Receiving it is easy. Understanding it is hard, UNLESS you are
interested in 3rd party transfers -- especially those involving
parallel broadcast and reduction. The principal parties will
understand the data, and make requests based on that understanding.
> Such applications seem to me to be few, and (I certainly hope) will be
> written by competent people, to whom the MPI issues will be but one
> very small part of the problem.
I disagree ... such applications are many and growing at a tremendous
rate. They are:
Parallel DBMS
Parallel Archival Storage
Heterogeneous Parallel Computation
The 1st two technologies are essential to managing the exponential growth
of *application* generated data.
Scenario:
1. User application on N nodes of a parallel platform scans
parallel DBMS (running on M nodes) for data of interest,
stored in data formats the application understands.
2. The DBMS looks for matches in it's metadata index and a list of
entries matching the query are returned to the application.
3. The application selects one from the list, but wants only
certain fields.
4. The application requests a cross section of the stored data
from the DBMS.
5. The DBMS has stored the CHAR_DATATYPE as metadata. It
constructs the datatype and signals the application
to initiate an asynchronous receive for the data.
6. The DBMS retreives the data cross section in parallel (MPI-IO)
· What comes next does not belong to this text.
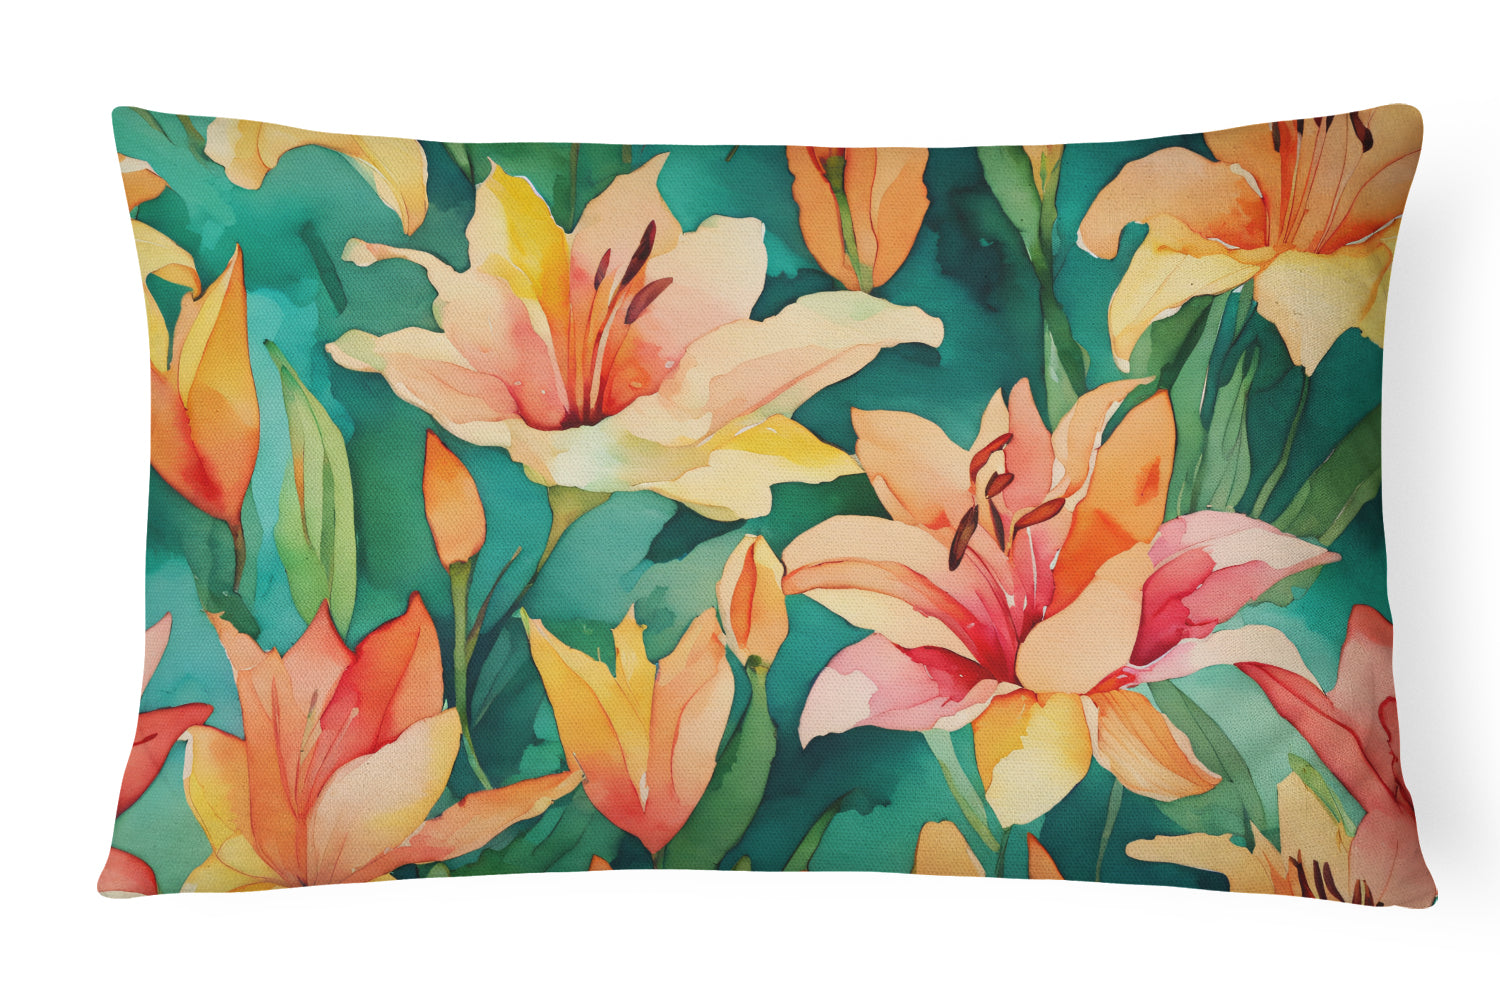 Buy this Lilies in Watercolor Fabric Decorative Pillow

from the parallel archival storage system (running
on L nodes).
7. The DBMS sends or otherwise broadcasts (MPI) the data in
parallel to the application.
Giving the DBMS and Archival Storage system access to structural
internals of the data will enable optimized storage and retrieval --
especially when a single composite type is larger (longer) than
several disks or tapes.
This is why packed objects are unsuitable. The DBMS term for packed
is "large" or "opaque" objects.
Another Scenario: Visualization of a running parallel computation.
1. The visualization program contacts the application, requesting
a list of (MPI) datatypes and associated metadata.
2. The vis' program discovers elements of certain datatypes which it
has operators to display.
3. Transactions similar to the above scenario begin ...
Richard Frost
SDSC